During the summer of 2001, with other Americans of Middle Eastern heritage, I created a cultural arts center for the Middle East, but then in the aftermath of September 11th, the U.S. went to war against Afghanistan and later Iraq, ostensibly to pursue the terrorists who hit us, but in reality, to expand the American empire and exert more geopolitical control over the Middle East.

Despite the fact that in March 2003, millions of people around the world were out in the streets, vigorously protesting for peace to stave off Bush’s impending invasion of Iraq, the U.S. went in anyway, with catastrophic results. Ultimately we helped to destroy a modern country and leave a security vacuum that allowed for the rise of Daesh, or the Islamic State, and for the expansion of other barbarisms. Should anyone have been surprised?

As James Baldwin said in a conversation I had with him for The Paris Review, “Insofar as the American public creates a monster, they are not about to recognize it. You create a monster and destroy it. It is part of the American way of life, if you like.” 

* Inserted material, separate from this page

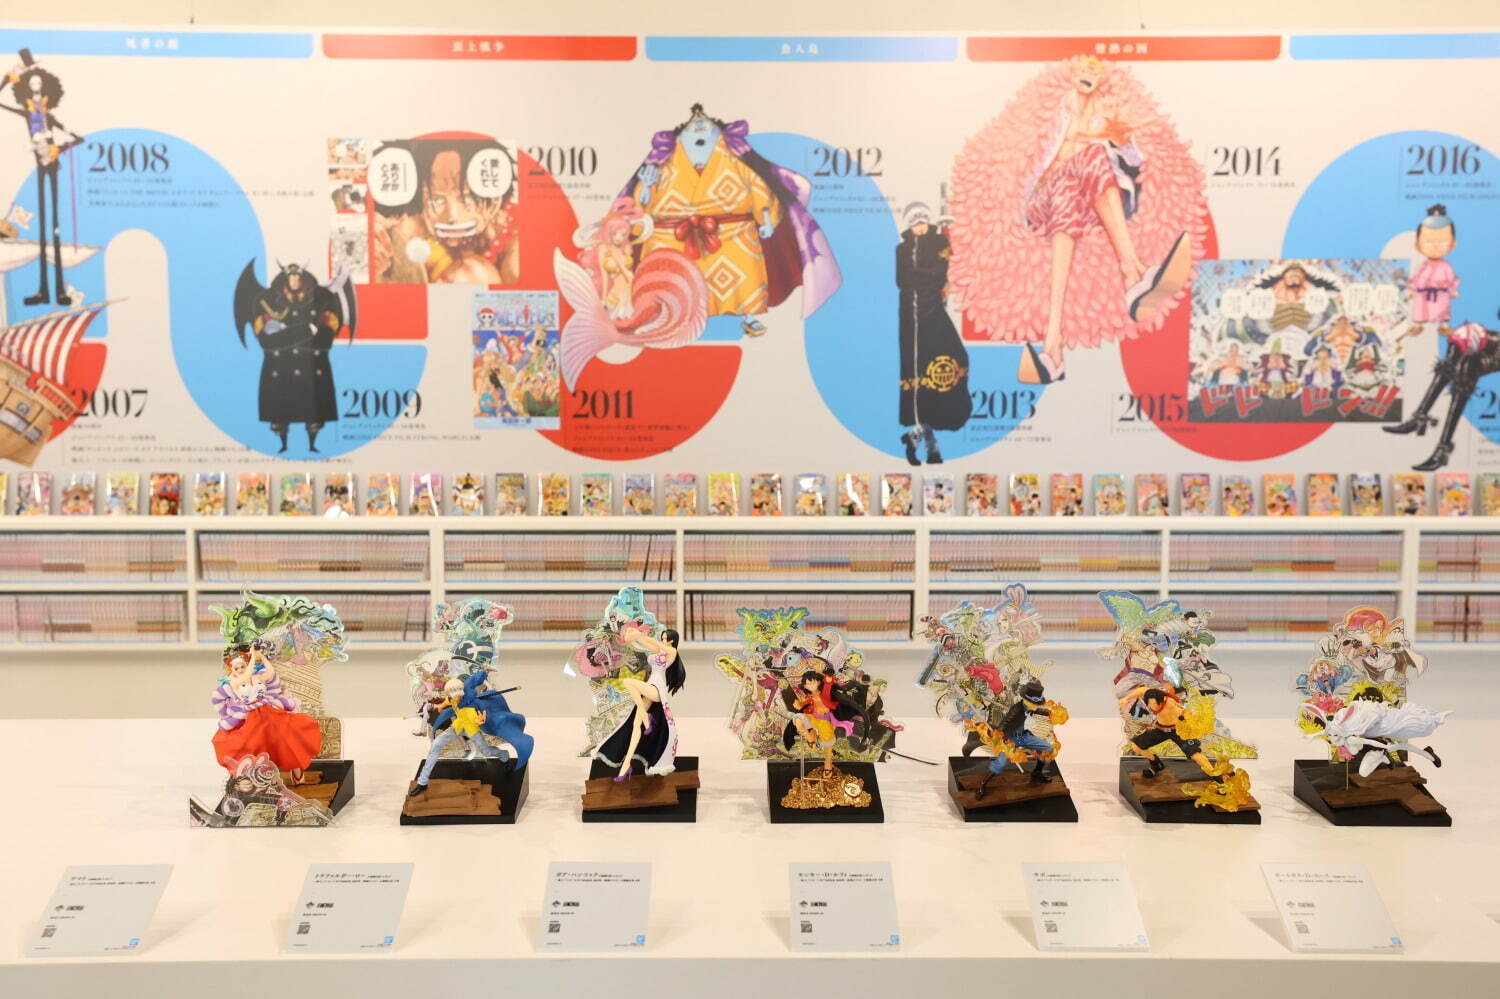 One Piece 100巻記念 巨大展示 超巨 大海賊百景 100巻立ち読み図書館 竹芝で ファッションプレス

Yes, we created a monster whom we then destroyed, for we backed strongman Saddam Hussein in the 1970s and goaded him into war against Iran in the 1980s, only to beat him back in the 1990s, and eliminate him in 2003.

PEACE WITH IRAN WINS!

This history is relevant today, of all anniversaries of 9/11, because we have just yesterday narrowly avoided another potential calamity—the war with Iran that the hawks and Israel seem to want the way salivating dogs want a meal of steak and gristle. We can celebrate today the fact that with the Iran nuclear deal—approved not only by the U.S. but by Britain, France, Russia, Germany and China—we have succeeded where in March 2003, we failed. With Iraq destabilized, Syria coming apart, and Egypt having returned to a state of virtual dictatorship under Sissi, not to mention repressive or failing regimes elsewhere in the region, these are not happy times. Yet we know that the youthful population of the MENA is still clamoring for change and advancement. There is enormous creativity and potential that we must connect with, and support.